Comparing ourselves to other people in regards to pay, skill, respect – it’s the death of all things good because you’ll never be good enough.


You’ll always compare yourself to the next level and the next. There will always be something more to hold you back from being good enough.


Don’t let this type of comparison hold you back. If you want to compare, use yourself as your own comparison to mark progress.


6. Reminiscing 


Do you ever find yourself reminiscing about the good old times? I do it, too, and I have news for you. The grass will always be greener on the other side.


There are old memories that we each hold near and dear. Spending time dwelling on the past can be great, but it can spiral out of control quickly because it’s hard to stop.


What’s a good cure? Find some engaging activities to shift your mindset. Go for a walk outside, attend a meetup, paint or work on your favorite hobby.


Keep your mind active and working so you’re not sitting reminiscing.


7. Be a part of a community


Find local events, build projects together, and form a community you enjoy so you get that face-to-face interaction. 


It’s harder to feel coding depression in a group.
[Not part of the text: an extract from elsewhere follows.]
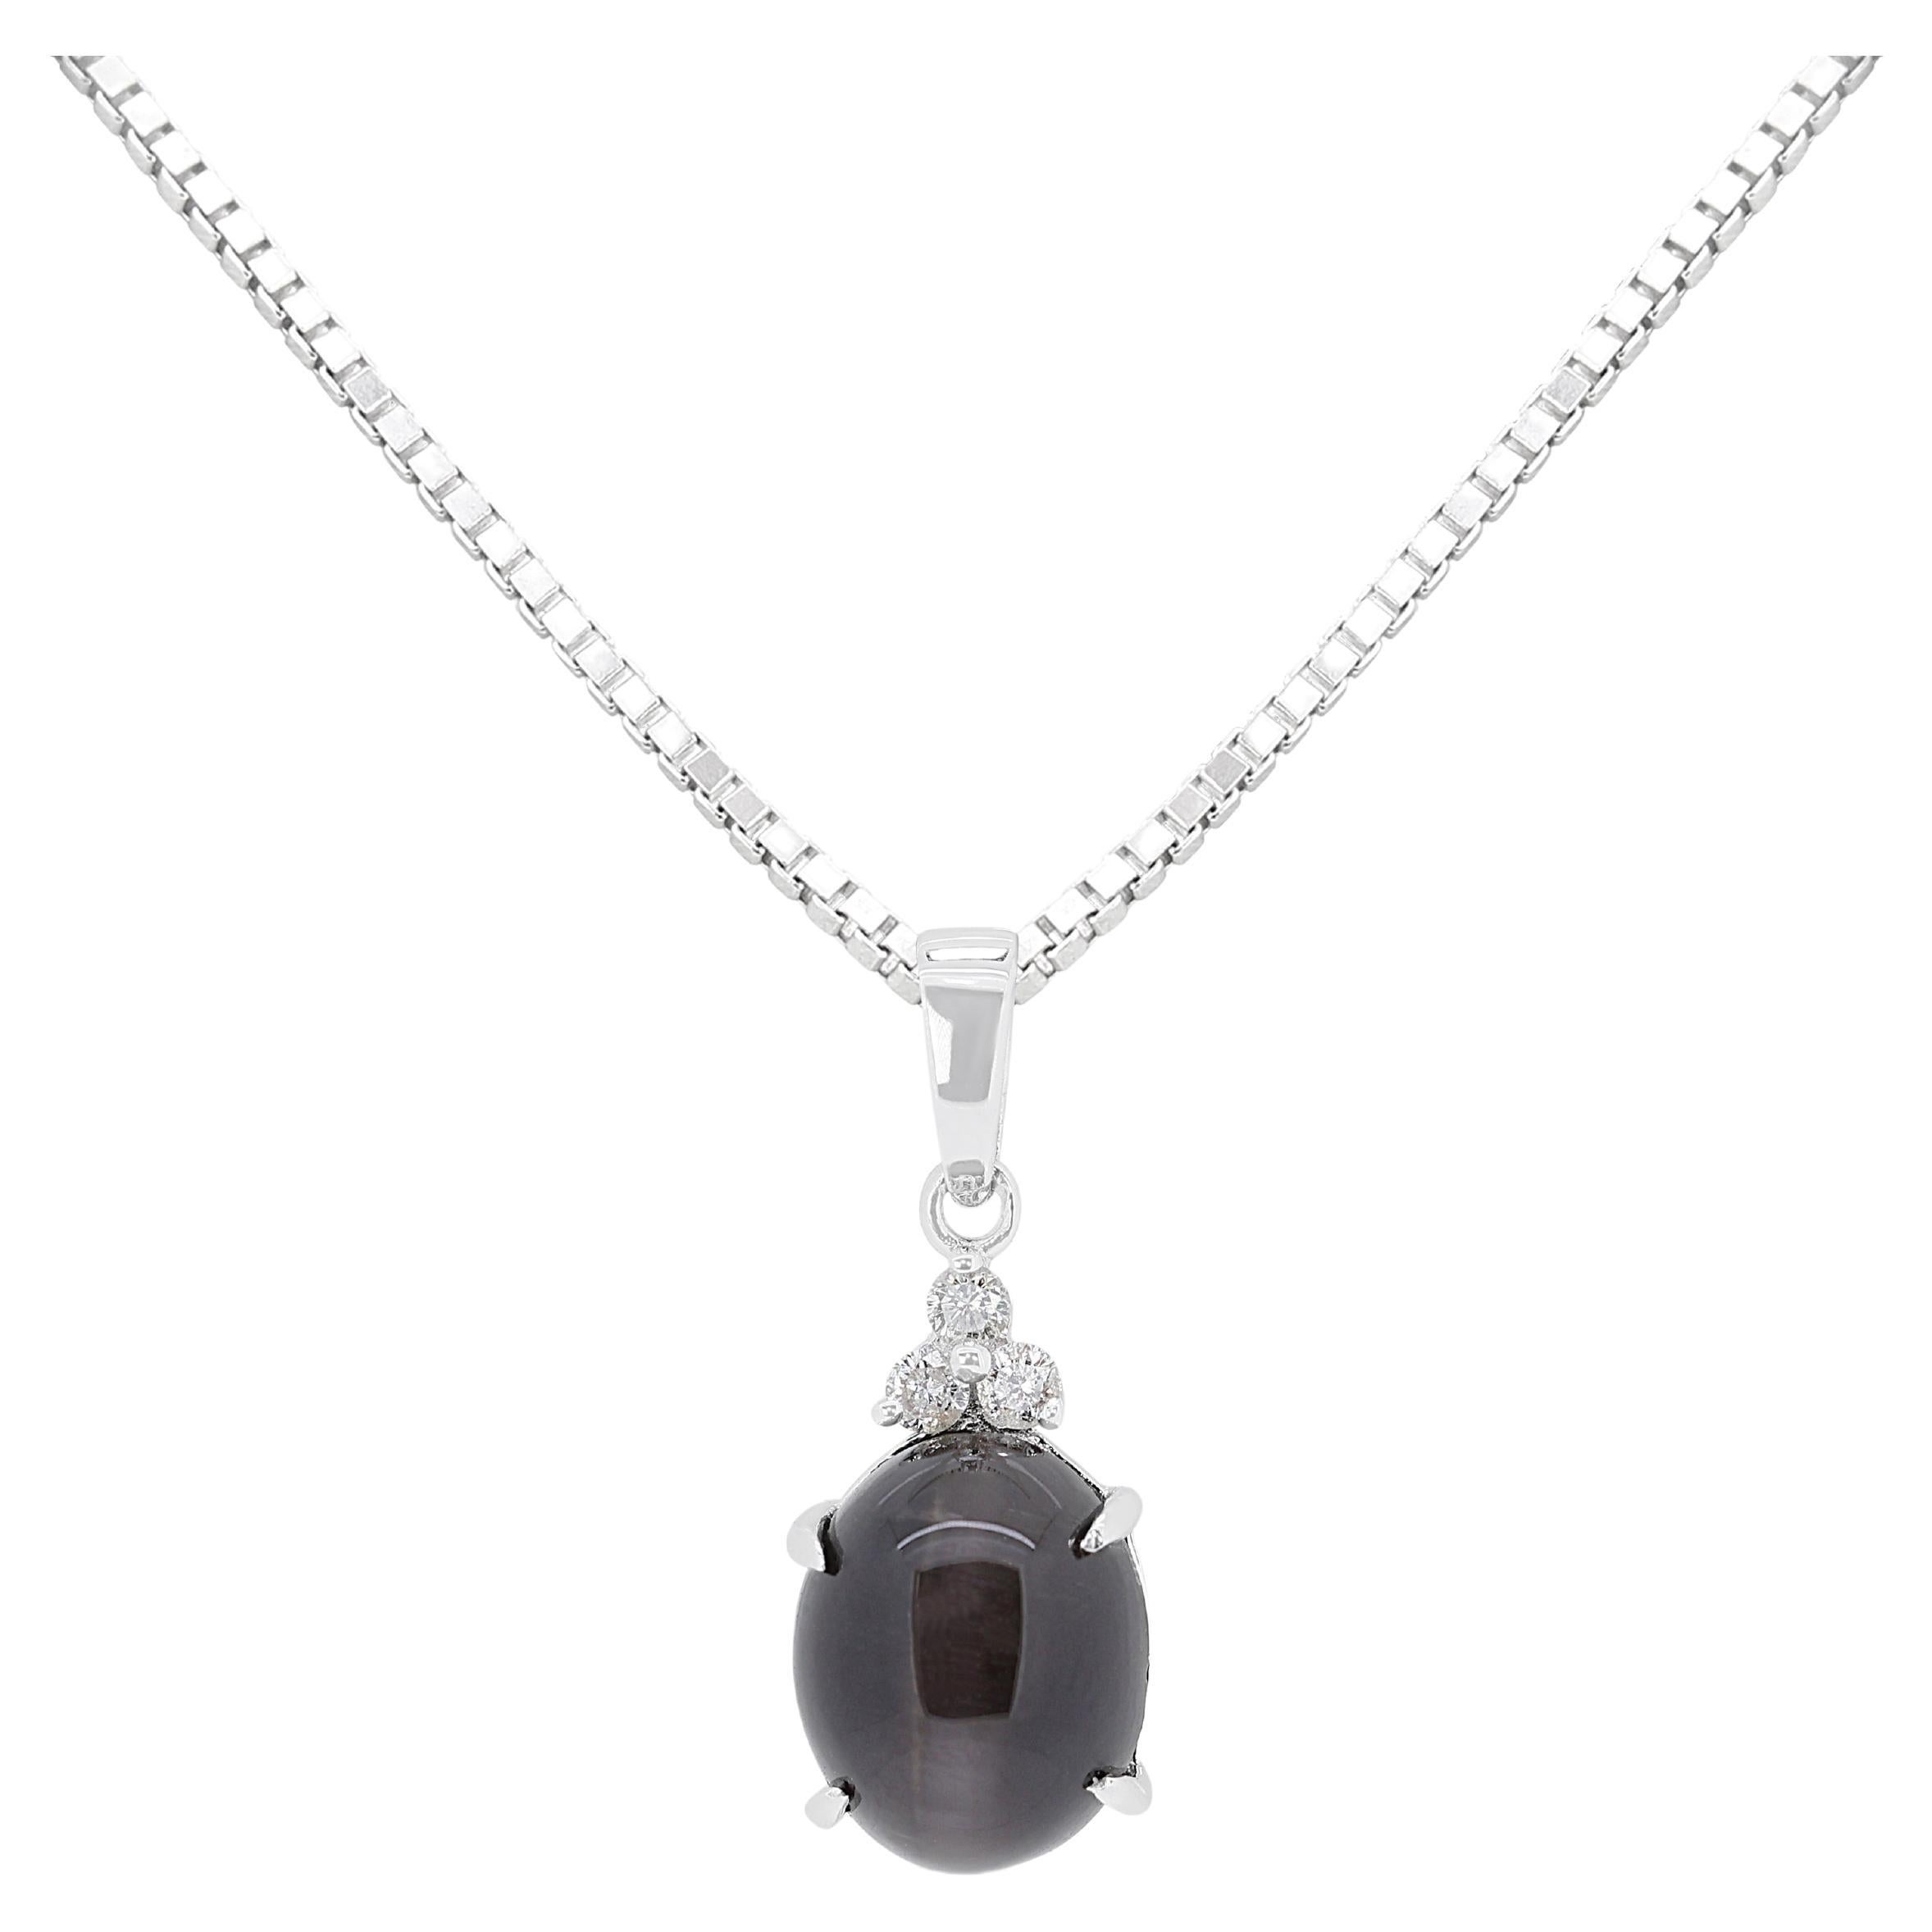 Majestic 4.83ct Cat Eye Pendant w/ Diamonds in 18K White Gold-Chain Not Included For Sale

Not to say you can’t feel depression, but having the support of a community can help combat it.


8. Find a mentor


Find someone who has been where you’ve been and ultimately is where you want to be. They can be lifesavers because of how they can relate to your emotions and experiences.


They’ve found a way through it – so you know they can help you.


What now?


Out of all eight of these tips, my hope is that you can find one to try today.


Depression doesn’t just go away, but it’s how you deal with it that can really make a difference.